Как бы то ни было, но на этом вечере у нас 'новые' наши гости были веселы и в ударе, очень интересовались обстановкой, картинами, предметами искусства и, конечно, программой, окончившейся холодным ужином. А закусить наши актеры и художники любили.
За роялью была большой мой друг Вера Васильевна Вульф, урожденная Якунчикова (сестра милейшей и талантливой, рано скончавшейся художницы). Какое это было очаровательное создание, тонкое, талантливое, поэтичное, с нежной, отзывчивой, чуткой душой! Я глубоко ценил ее и дружески любил. Столько было в ней вкуса, тонкого понимания красоты, уже не говоря о музыке, которая была содержанием ее угасающей от туберкулеза жизни. Разговор с ней всегда принимал характер задушевной откровенности, когда касался искусства, да и всегда к нему он и сводился, так как она жила звуками и красками. Она мне напоминала сорванную бледную нежную розу в вазе, на лепестках которой, еще благоухающих, заметен налет увядания. Болезнь подтачивала эту талантливую музыкантшу и художницу, сделавшую прелестные вышивки, вернее, мозаики из шелка. В этот вечер она отлично исполнила сонату Грига, играла Глюка по моей просьбе и, конечно, по своему желанию - Брамса, к которому питала некий культ. В программе ее нарочито ничего не было русского, так как 'русское' в сильной дозе имело быть преподнесенным во второй части, как некий гвоздь вечера, в виде пения еще неизвестной в то время в Москве Плевицкой (Я пишу о прошлом, а прошлое Плевицкой принадлежит искусству, поэтому, невзирая, на всю последующую трагедию, я, как о певице, не могу не упомянуть о ней добром, как нельзя не воздать должное тому же Караваджио, большому мастеру, трижды бывшему убийцей. После того, как эти строки были написаны и я перенесся в светлое прошлое, Плевицкая была замешана в ужасном преступлении ее мужа, предавшего большевикам на смерть в Париже ген. Миллера, и приговорена судом к каторжным работам как соучастница.)
У нас на этом вечере был ее дебют в Москве, да и вообще дебют в обществе, что она с благодарностью вспоминала всегда впоследствии, когда стала любимицей русской публики, прославленной и награжденной брошью с брилилантовым орлом государем, ее очень ценившим и приглашавшим во дворец. С тех пор она и в Петербурге стала знаменитостью; концерты с Плевицкой были в моде и зал был переполнен обычно до отказа. Столь далекий от народа и народной самобытной жизни, Петербург любил подчас вызывать в себе чувство умиления от русской песни так же, как и повесить у себя в светской гостиной кустарную вышивку тамбовской бабы.

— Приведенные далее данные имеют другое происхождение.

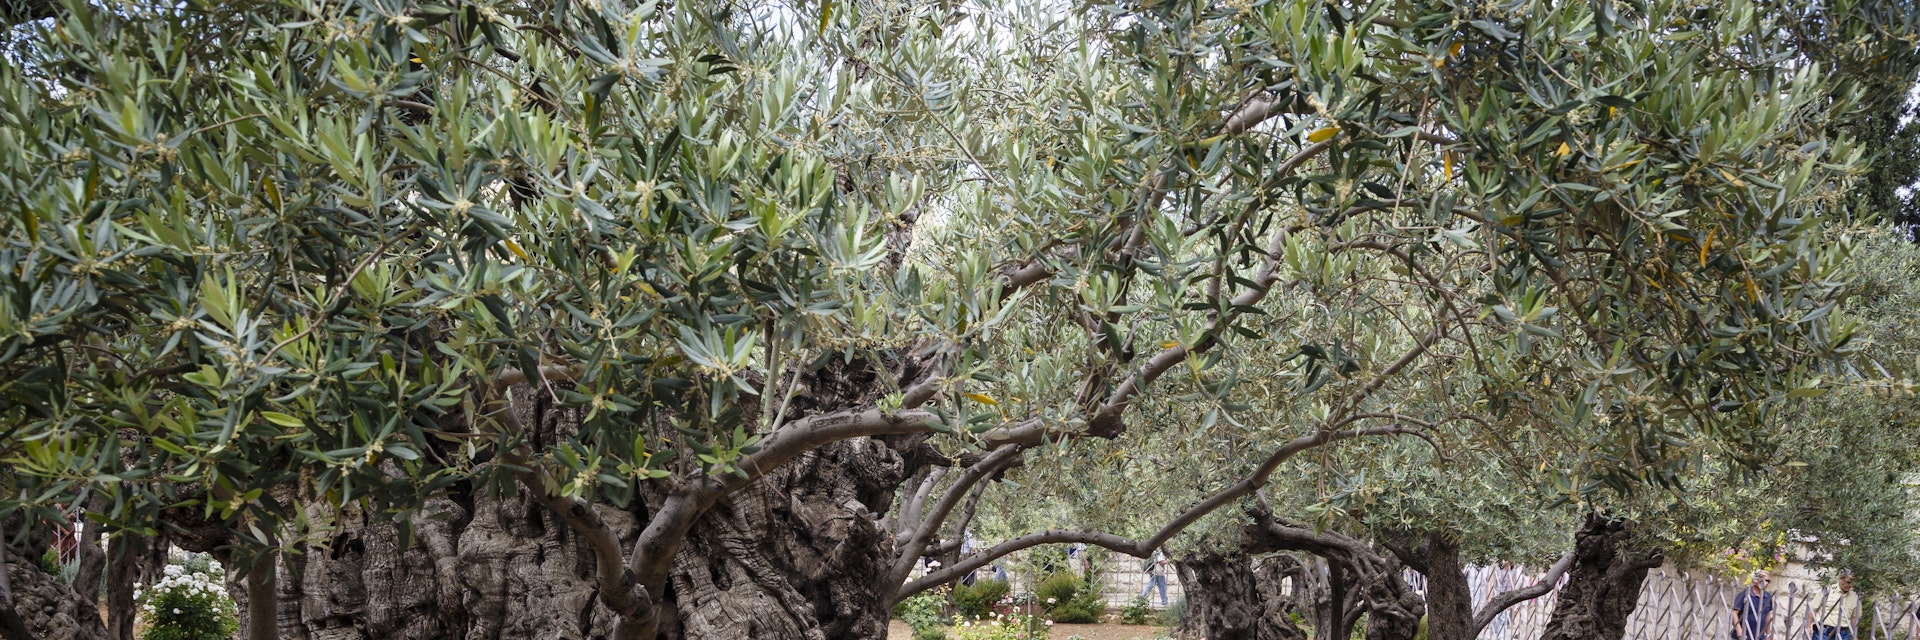 Olive trees in the Garden of Gethsemane, Jerusalem, Israel, Middle East

Известный актер Художественного театра Вишневский, часто нас навещавший и в Москве и в подмосковном имении, и всегда сообщавший много интересного о театре, об Антоне Чехове, с которым дружил, о новых постановках и планах Станиславского, о новых идеях этого талантливого любимца Москвы, как-то раз с увлечением сообщил нам интересную новость. В Москву приехала крестьянка Курской губернии, не- v. кая Плевицкая, очень талантливая, ничего общего не имеющая с банальным типом 'исполнительниц русской песни'. Этого специального жанра пения я никогда не любил, так как слишком часто родное, русское, народно-примитивное или подлинное поэтично самобытное искажалось, опошлялось, вульгаризировалось и удешевлялось ложной сентиментальностью, искусственной 'слезой и тоской', считавшимися элементами русской души, не говоря об обычном отсутствии талантливости исполнения.